Make sure to transform your variables as needed!

- LotArea: 14977
- 1stFlrSF: 1976
- GrLivArea: 1976
- BldgType: 1Fam
- KitchenQual: Gd
- SaleType: New
- MSZoning: RL
- Street: Pave
- Neighborhood: NridgHt

In [None]:
# Your code here - predict the house price given the following characteristics

continuous.remove('SalePrice')

used_cols = [*continuous, *categoricals]
used_cols

In [None]:
# create empty dataframe for the new row of sample data
new_row = pd.DataFrame(columns=used_cols)

In [None]:
# add details provided to the empty dataframe

new_row = new_row.append({"LotArea": 14977,
                         '1stFlrSF': 1976,
                         'GrLivArea': 1976,
                         'BldgType': '1Fam',
                         'KitchenQual': 'Gd',
                         'SaleType': 'New',
                         'MSZoning': 'RL',
                         'Street': 'Pave',
                         'Neighborhood': 'NridgHt'},
                          ignore_index=True)
new_row

In [None]:
# continuous columns in df
new_row_cont = new_row[continuous]

# log features
log_names = [f'{column}_log' for column in new_row_cont.columns]
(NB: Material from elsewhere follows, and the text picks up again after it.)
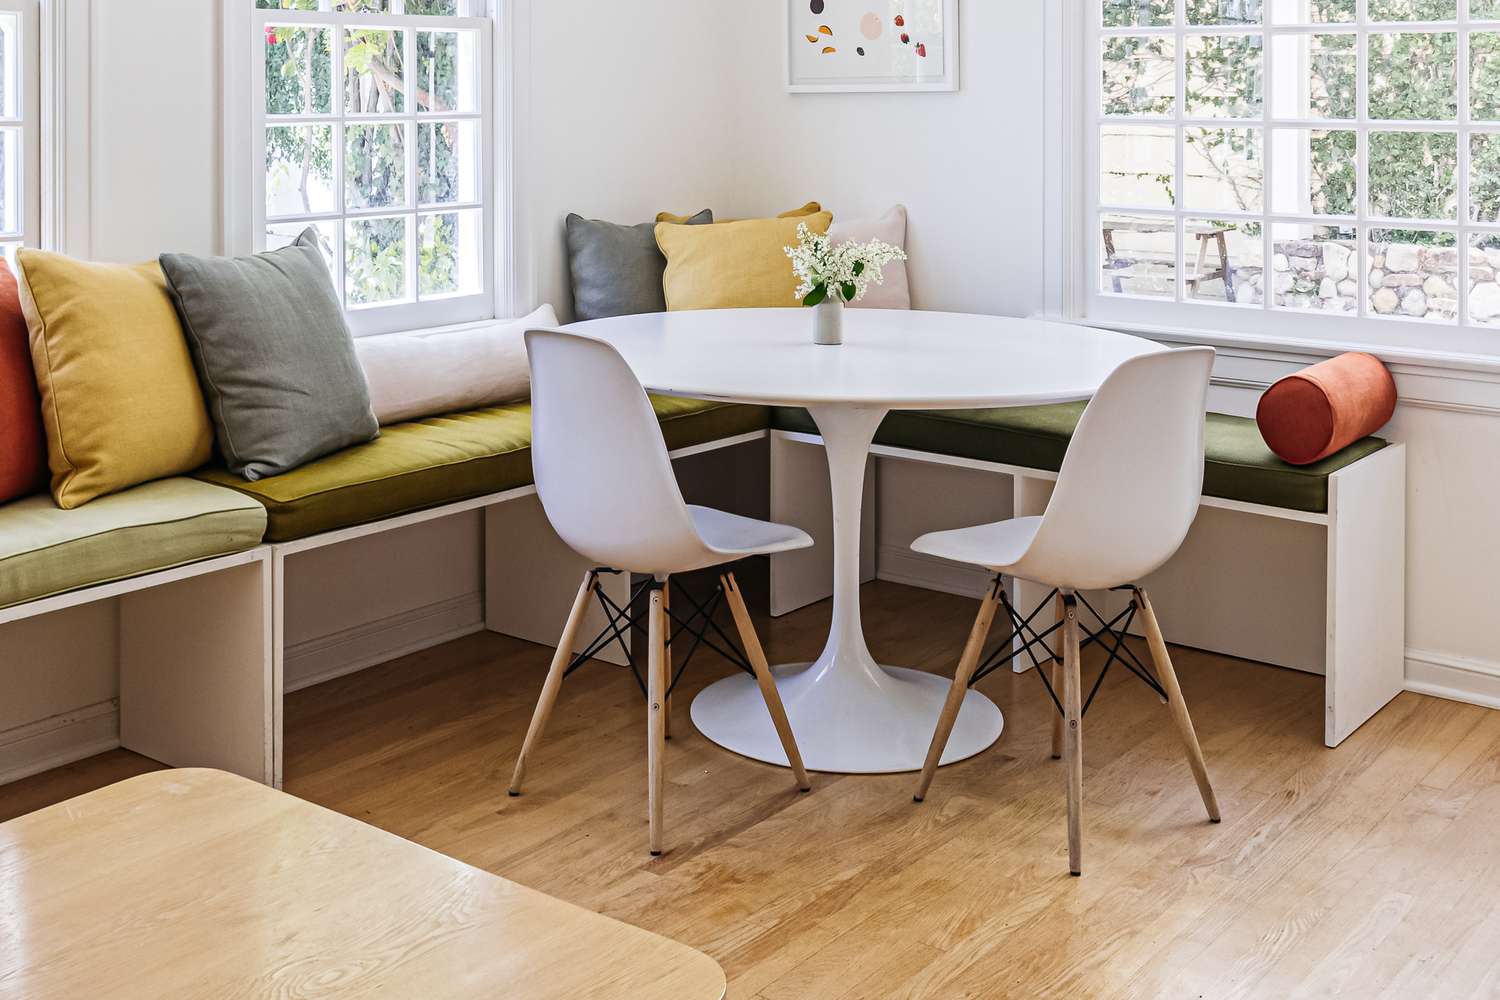 Weißer Saarinen-Tisch mit zwei Stühlen und Fensterecke mit Bänken

new_row_log = np.log(new_row_cont.astype(float))  #won't work unless float
new_row_log.columns = log_names

# normalize
for col in continuous:
    #normalize using mean and std from overall dataset
    new_row_log[f'{col}_log'] = (new_row_log[f'{col}_log'] - ames[col].mean()) / ames[col].std()
new_row_log    



In [None]:
# categoricals in df
new_row_cat = new_row[categoricals]

new_row_ohe = pd.DataFrame(columns = ames_ohe.columns)
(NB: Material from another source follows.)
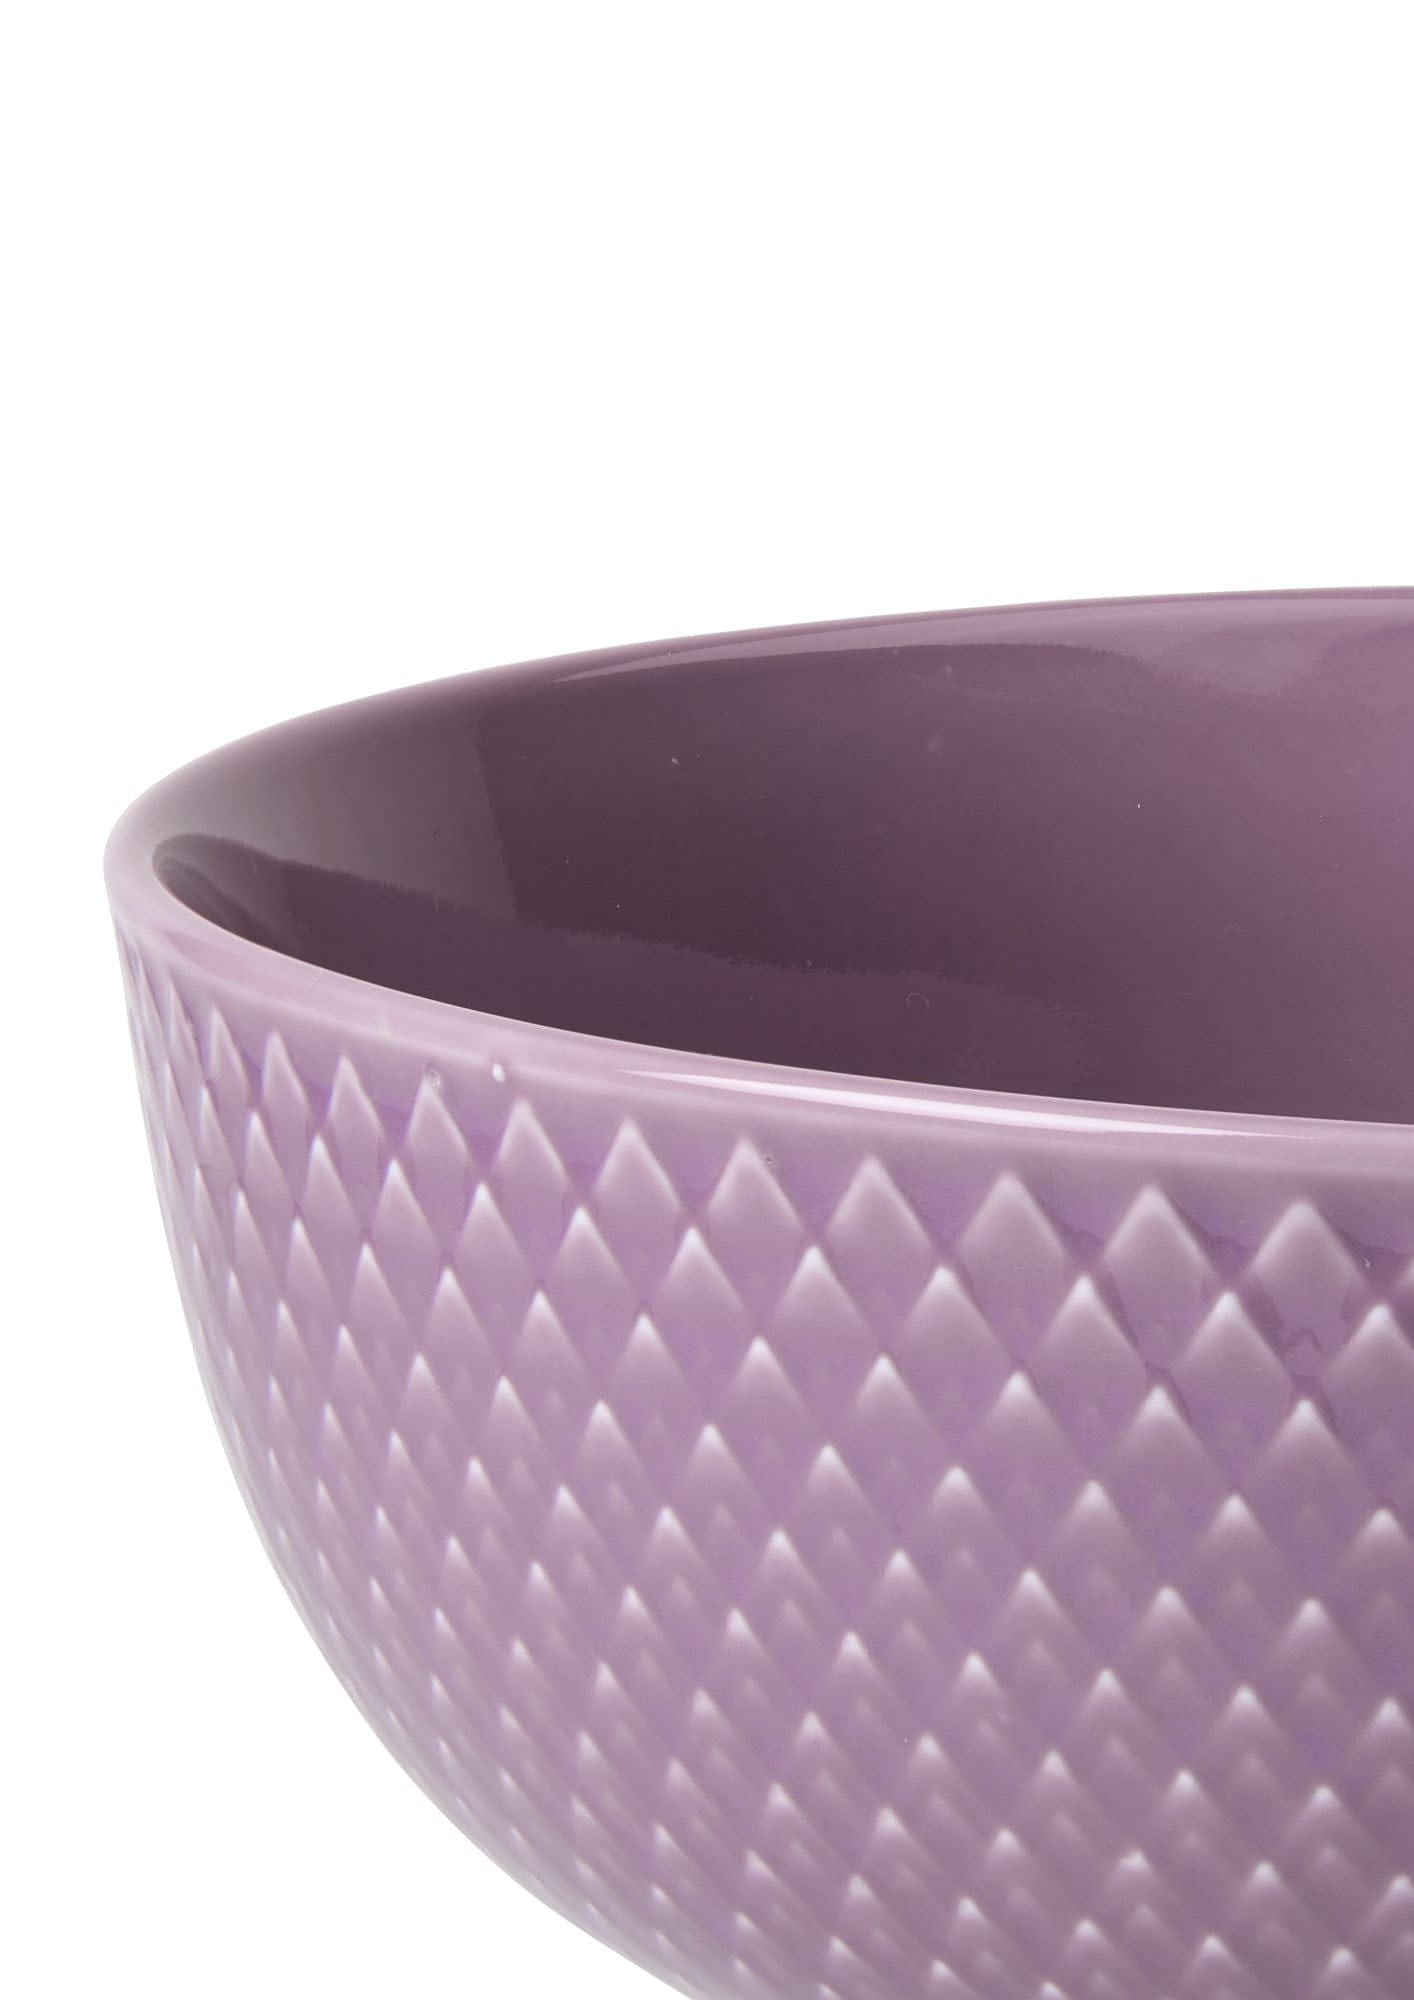 Lyngby Porcelæn Rhombe Color Bowl Ø15,5 cm, violet

# using complicated for loops to ohe the new row
ohe_dict = {}
for col_type in new_row_cat.columns:
    col_list = [c for c in new_row_ohe.columns.to_list() if col_type in c]
    for x in col_list:
        if new_row_cat[col_type][0] in x:
            ohe_dict[x] = 1
        else:
            ohe_dict[x] = 0
            
# putting the results in a dataframe
new_row_ohe = new_row_ohe.append(ohe_dict, ignore_index=True)
new_row_ohe


In [None]:
new_row_processed = pd.concat([new_row_log, new_row_ohe], axis = 1)
new_row_processed

In [None]:
# Regression model

new_row_pred_log = linreg.predict(new_row_processed)
new_row_pred_log

In [None]:
# Prediction needs to be scaled and exponentiated
np.exp(new_row_pred_log) * ames['SalePrice'].std() + ames['SalePrice'].mean()

In [None]:
# Other way

In [None]:
# Make 2 df: 1 with continuous features, 1 with categorical features. Then perform transformations on them


In [None]:
continuous  # will build df with log transform and standardize continuous features

In [None]:
cont_test = pd.DataFrame({'LotArea': [14977],
                         '1stFlrSF': [1976],
                         'GrLivArea': [1976],
                         'SalePrice': 0.1})
cont_test

In [None]:
log_test = cont_test.apply(lambda x: np.log(x))
log_test

In [None]:
ss = StandardScaler
cont_test = pd.DataFrame(ss.transform(log_test), columns = log_test.columns)

In [None]:
cont_test.drop(columns = 'SalePrice', inplace = True)

In [None]:
# will build df with categoricals
cat_df = pd.DataFrame({'BldgType': '1Fam',
                      'KitchenQual': 'Gd',
                      'SaleType': ['New'],
                      'MSZoning': ['RL'],
                      'Street': ['Pave'],
                      'Neighborhood': 'NridgHt'})
cat_df

In [None]:
cat_ohe = pd.DataFrame(ohe_method2.transform(cat_df), columns = ohe_method2.get_feature_names())
cat_ohe

In [None]:
test_df = cont_test.join(cat_ohe)
test_df.head()

In [None]:
X.shape

In [None]:
#Prediction
pred = linreg.predict(test_df)

In [None]:
# convert std pred to sale price
np.exp((pred * ames_log['SalePrice'].std()) + ames_log['SalePrice'].mean())

## Summary
Congratulations! You pre-processed the Ames Housing data using scaling and standardization. You also fitted your first multiple linear regression model on the Ames Housing data using statsmodels and scikit-learn!